If you read old technical literature, like the Babbage machine of the 19th century, or even the Voder from the World's Fare demonstration in 1929, you're not met with tabular representations, structural outlines, flow charts and diagrams. You're met with a *prosaic* description equivalent to you reading a 16-volume Braille book divided into sections and paragraphs and that is *it*.
Compare that to now -- when an androgynous hipster with a bent towards furry fandom and a gender studies degree can feel all technical and competent because now in Apple's XCode s/he/it can drag a ticking clock onto a canvas to represent a timer to set a response to an action, instead of using a text-based variable name. Never mind that s/he/zhe/thon/it can't understand the relationship between an action, an event and a listener. They can *feel* like they're doing something. It's junk food, no more and no less.
The only reason there isn't the audio equivalent for junk food is it's just too difficult to master and mass-produce onto the market in any meaningful way.
Doesn't make any of this right or wrong, even if some of us are called cynical for laughing at it.

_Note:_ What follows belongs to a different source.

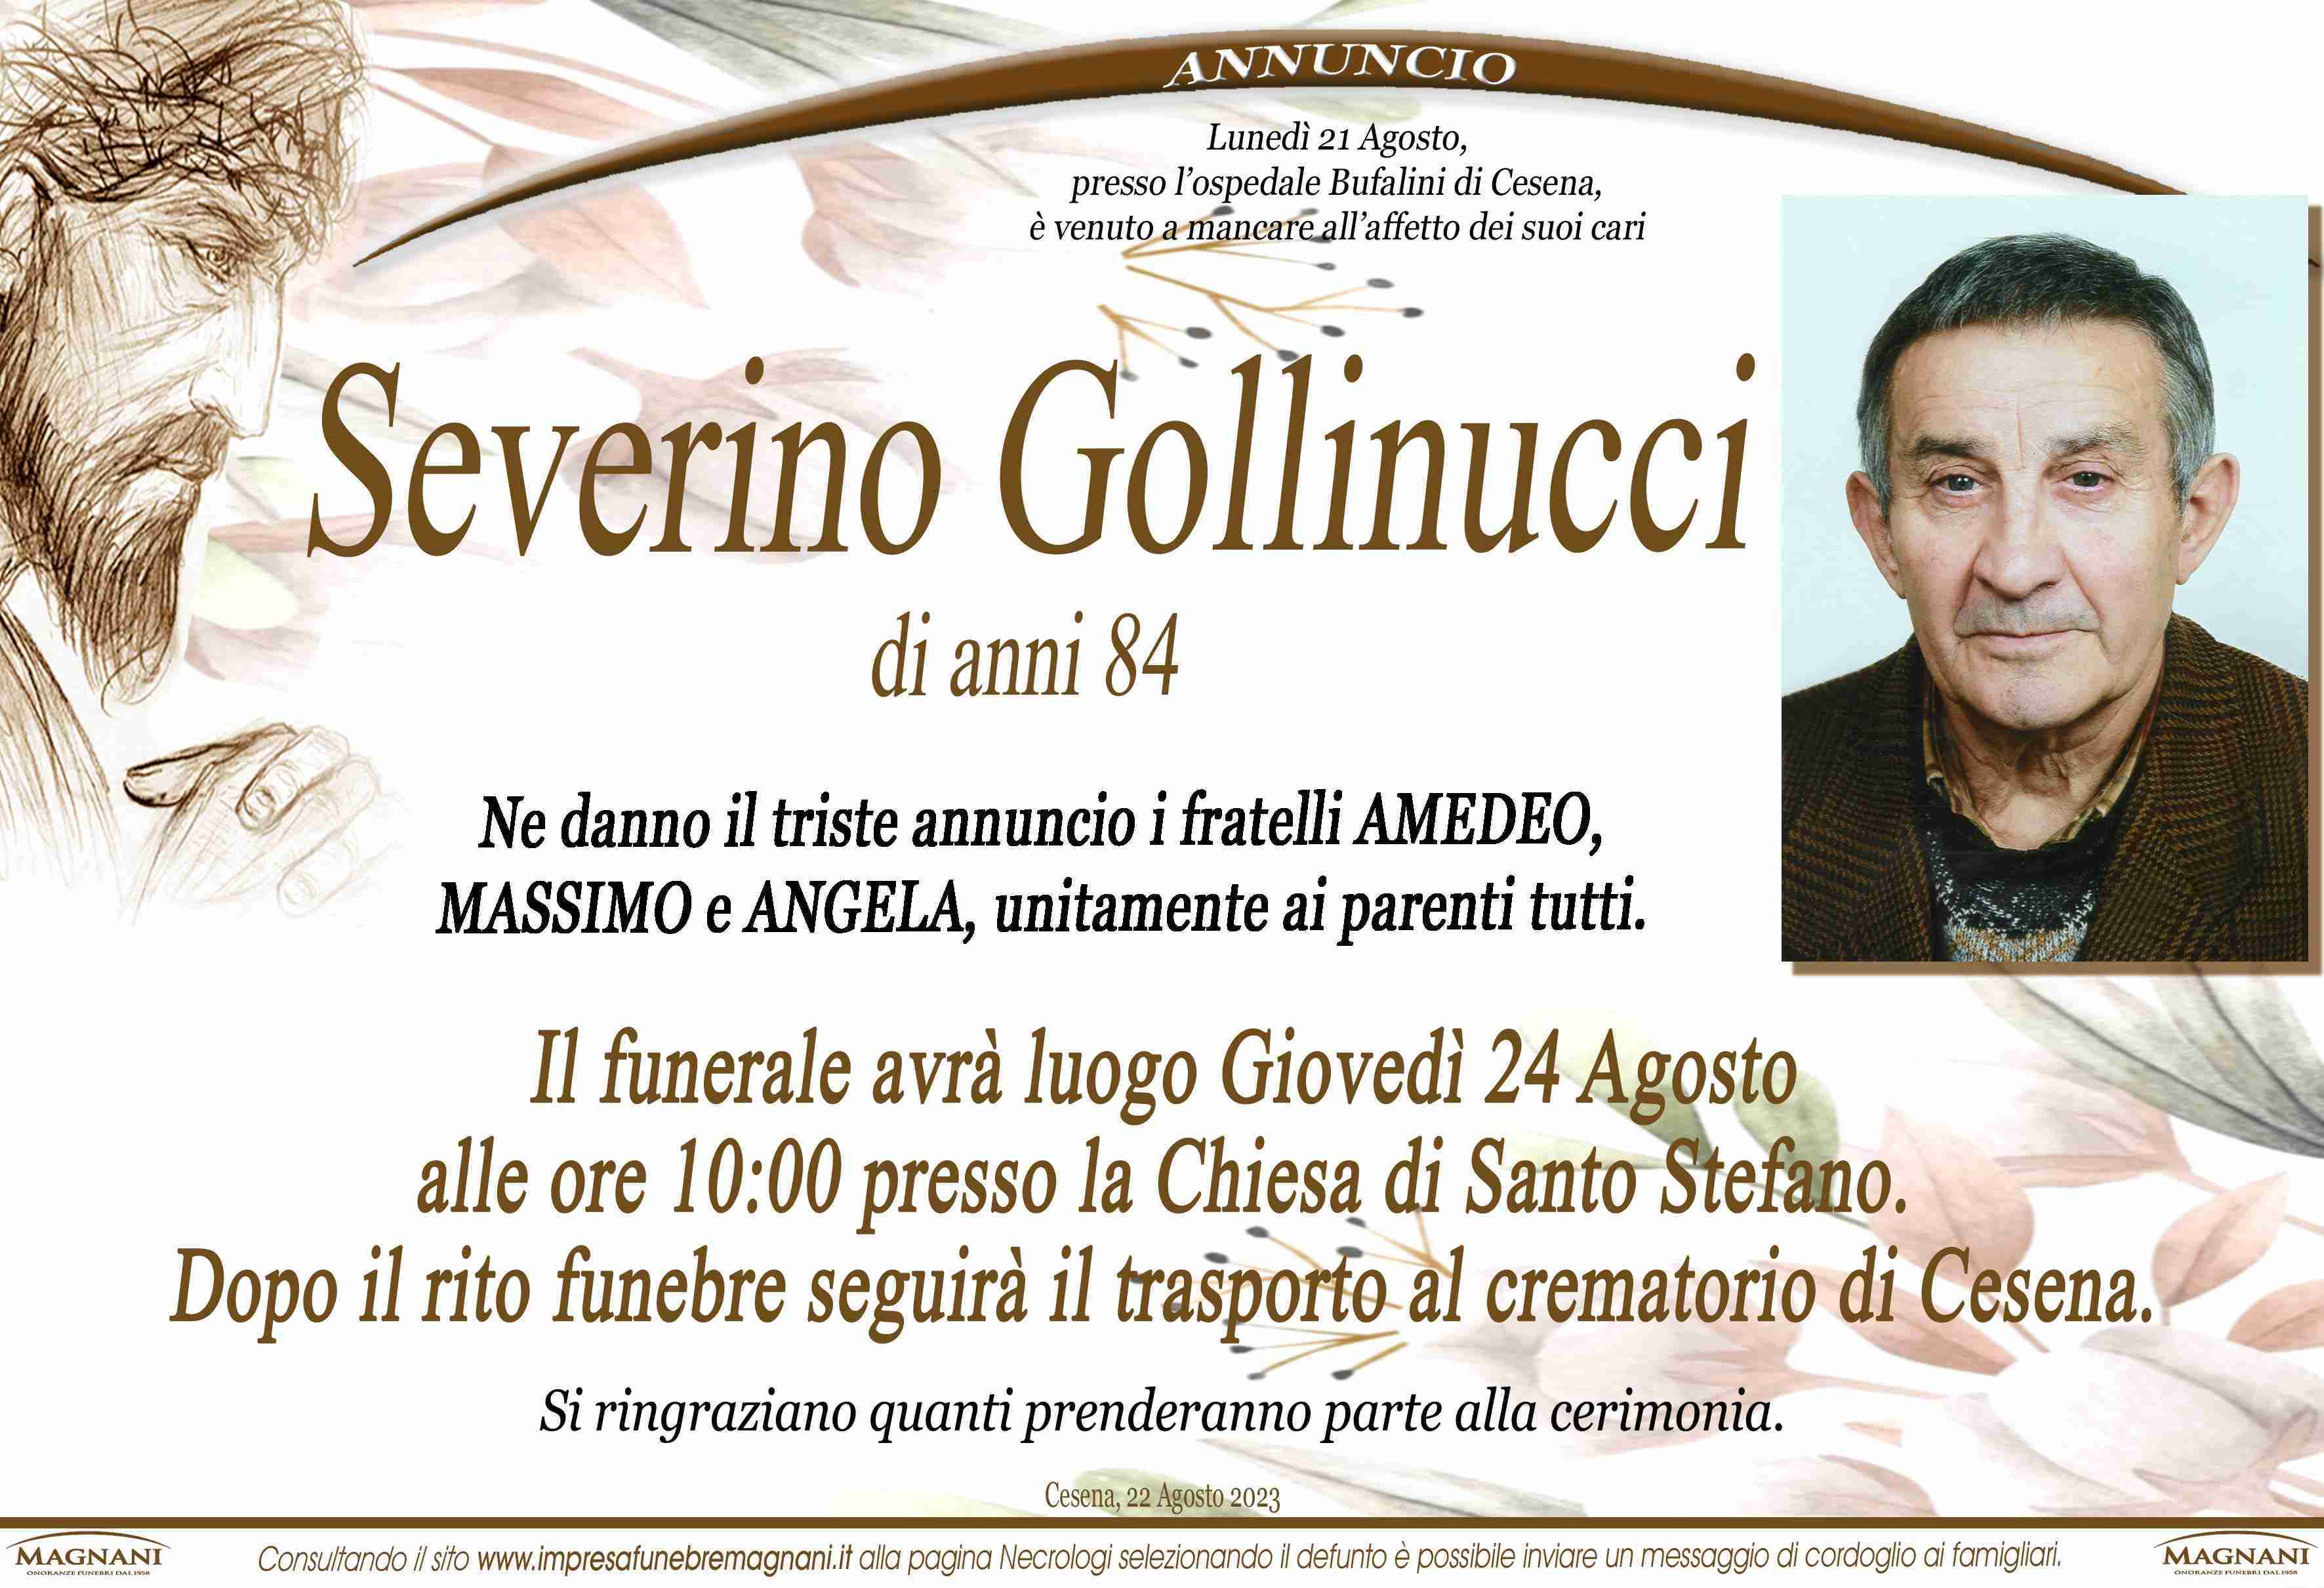 Severino Gollinucci

However, it doesn't mean this has to be because it's a "sighted" world. After all, it's only the result of a certain type of technology which acted out a certain kind of exploitation of the senses that enabled this. Other societies which had image-based writing systems didn't have what it took to exploit in the same way.
But it is why people can't focus and read very long, they have to write "TL, DR" or "wall of text", and believe Sherlock Holmes was a historical figure.

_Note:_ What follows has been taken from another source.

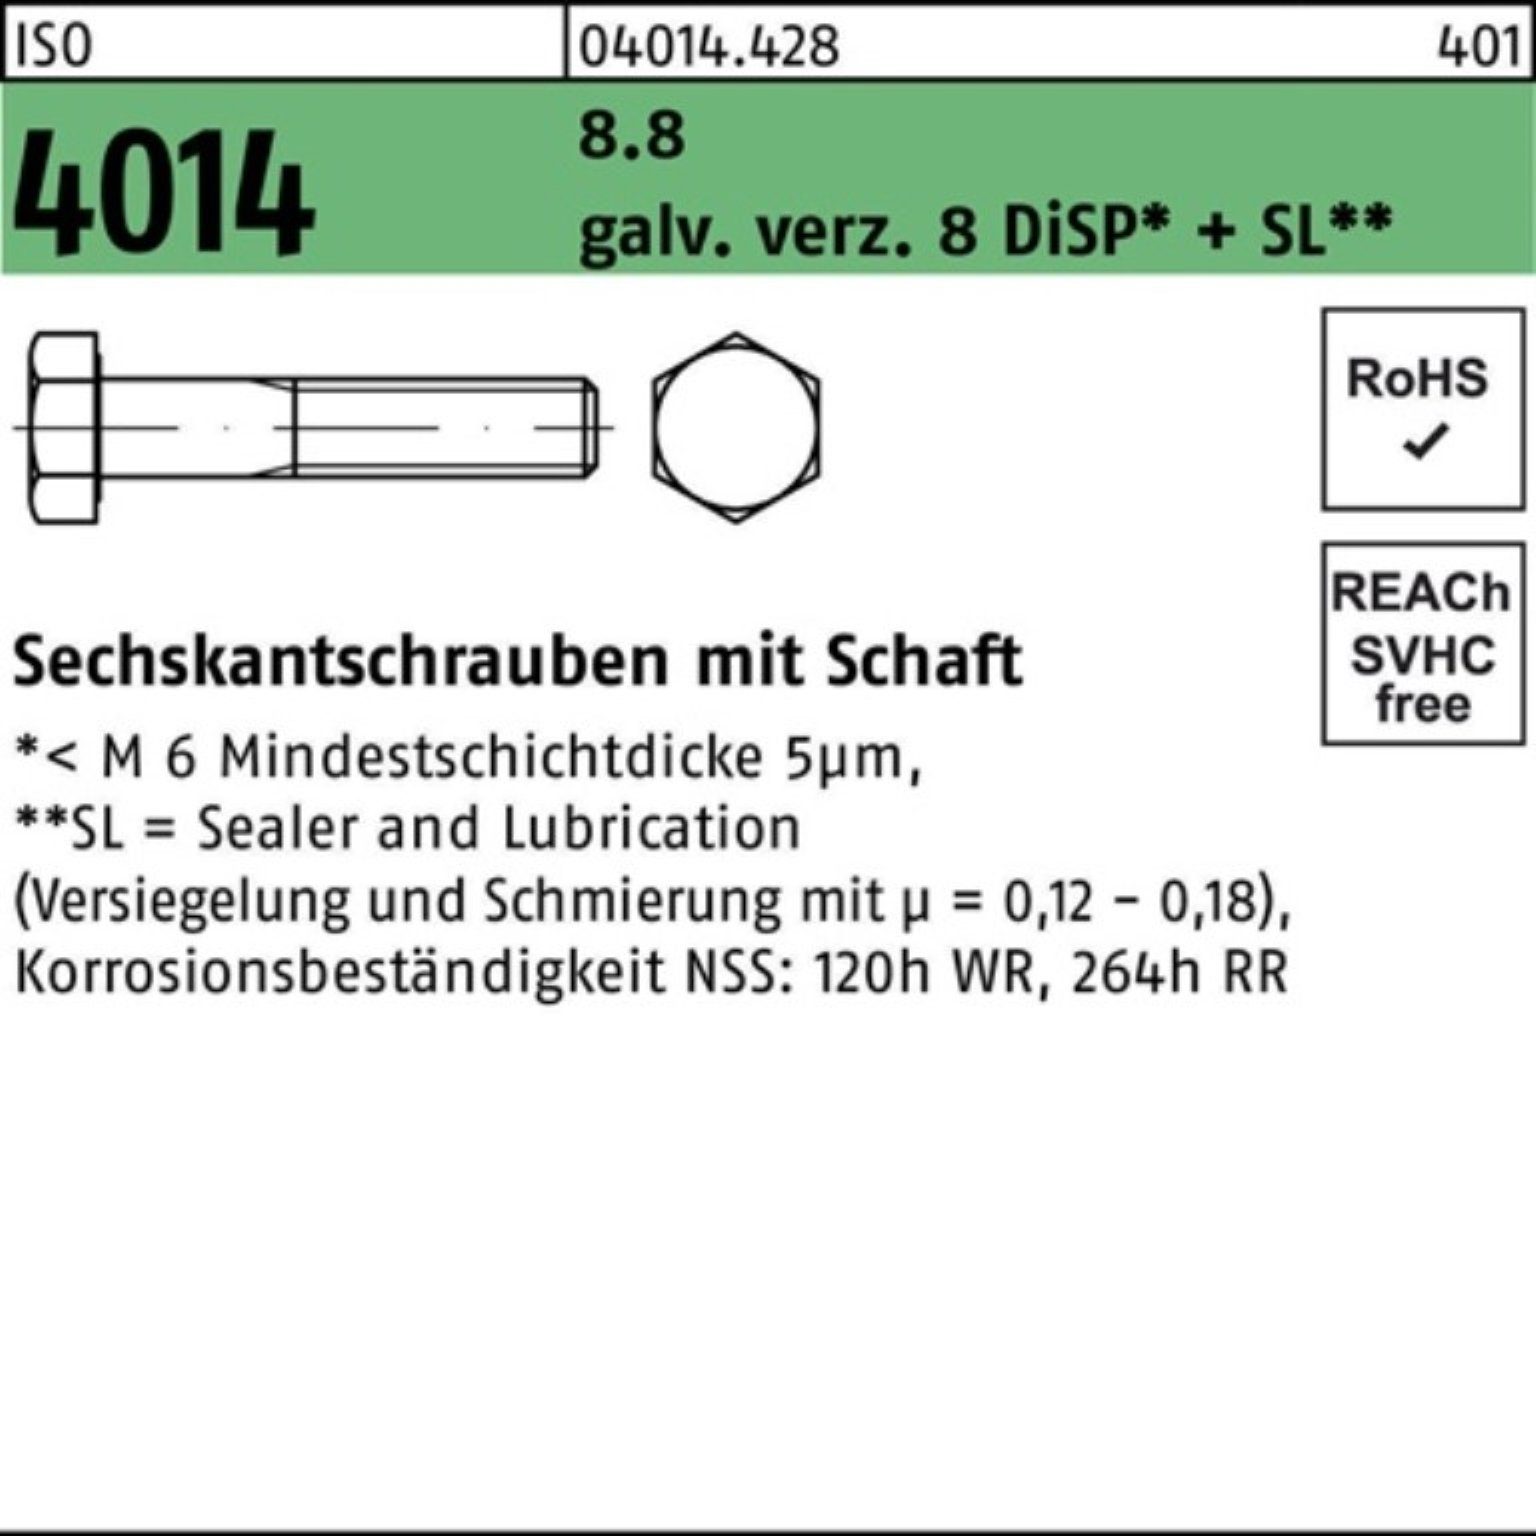 ISO galv.verz. Schaft Sechskantschraube Bufab Sechskantschraube 8.8 M10x140 100er 4014 Pack 8

Funnily enough, in raising birds I learned that it was best to provide the types of entertainment that kept them visually stimulated, yes, but forced them to solve a problem. You'd be amazed at the attention span of a lovebird or cockatiel working a rope puzzle apart to get a treat. I'm talking hours on end. But if you fill their environment with tons and tons of bright colors, mirrors, images, all the brightest and best of their natural visual environment, they're likely to become neurotic and, for some species, downright mean. I have no idea about humans and other primates, might be interesting to find out about chimps and bonobos. But I do know chimps have been able to focus on paint smearing and other activities for quite a bit of time when some glitz and glitter stimulation was removed from the environment.

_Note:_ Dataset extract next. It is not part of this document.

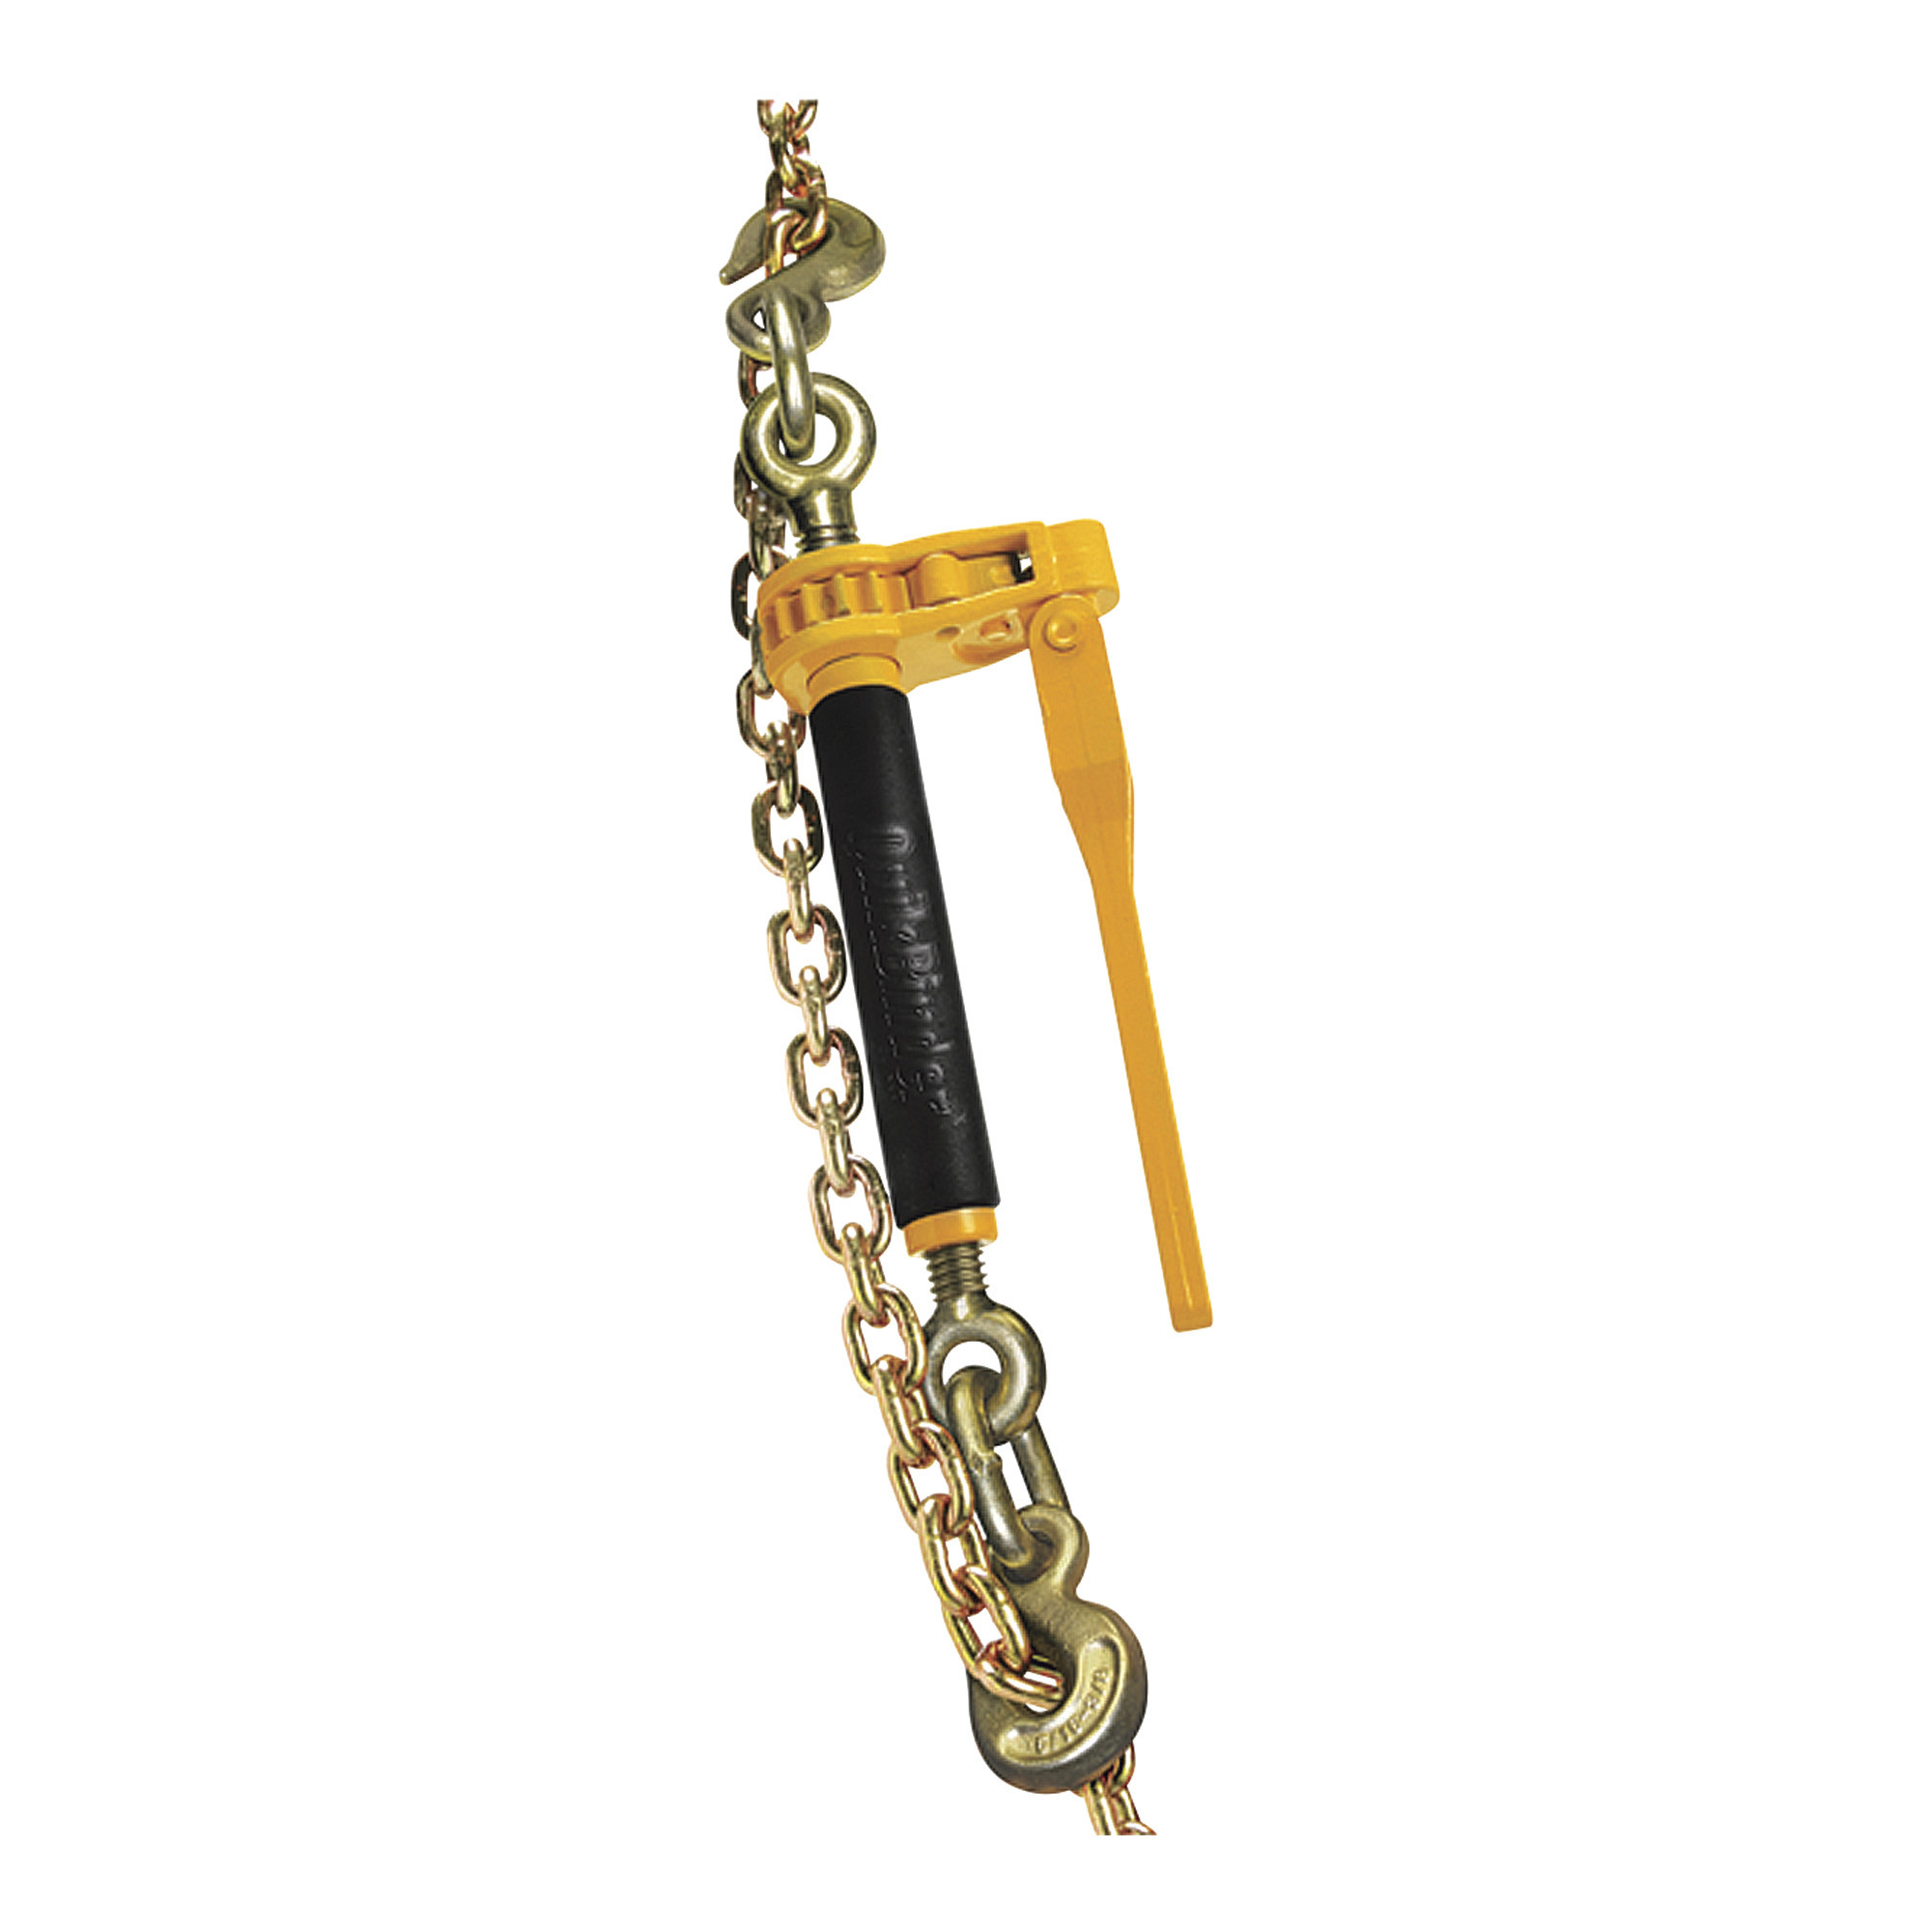 Peerless QuikBinder Plus Ratchet Chain Binders â 12,000-Lb. Load Capacity, Model H5125-0858

When you think about it, it makes sense just as your attraction to junk food does. Just like sugar, salt and fat are pretty rare to find in a paleolithic environment, so are shiny things like water sources, and colorful thinkgs like fruit, things it's really helpful to spot from a distance.
Anyway, don't think it's a given that sight automagically equals a visually glitzy environment with all the trimmings and a fifth-grade reading level. Hell, even when I was in college a couple decades ago they said to write at a tenth-grade reading level for business, before many style manuals were rewritten to include more of the imperative, fewer words, smaller words, and a fifth-grade reading level.
Now all we need is a fools-acceptance movement on Tumblr and the representation will be total and complete.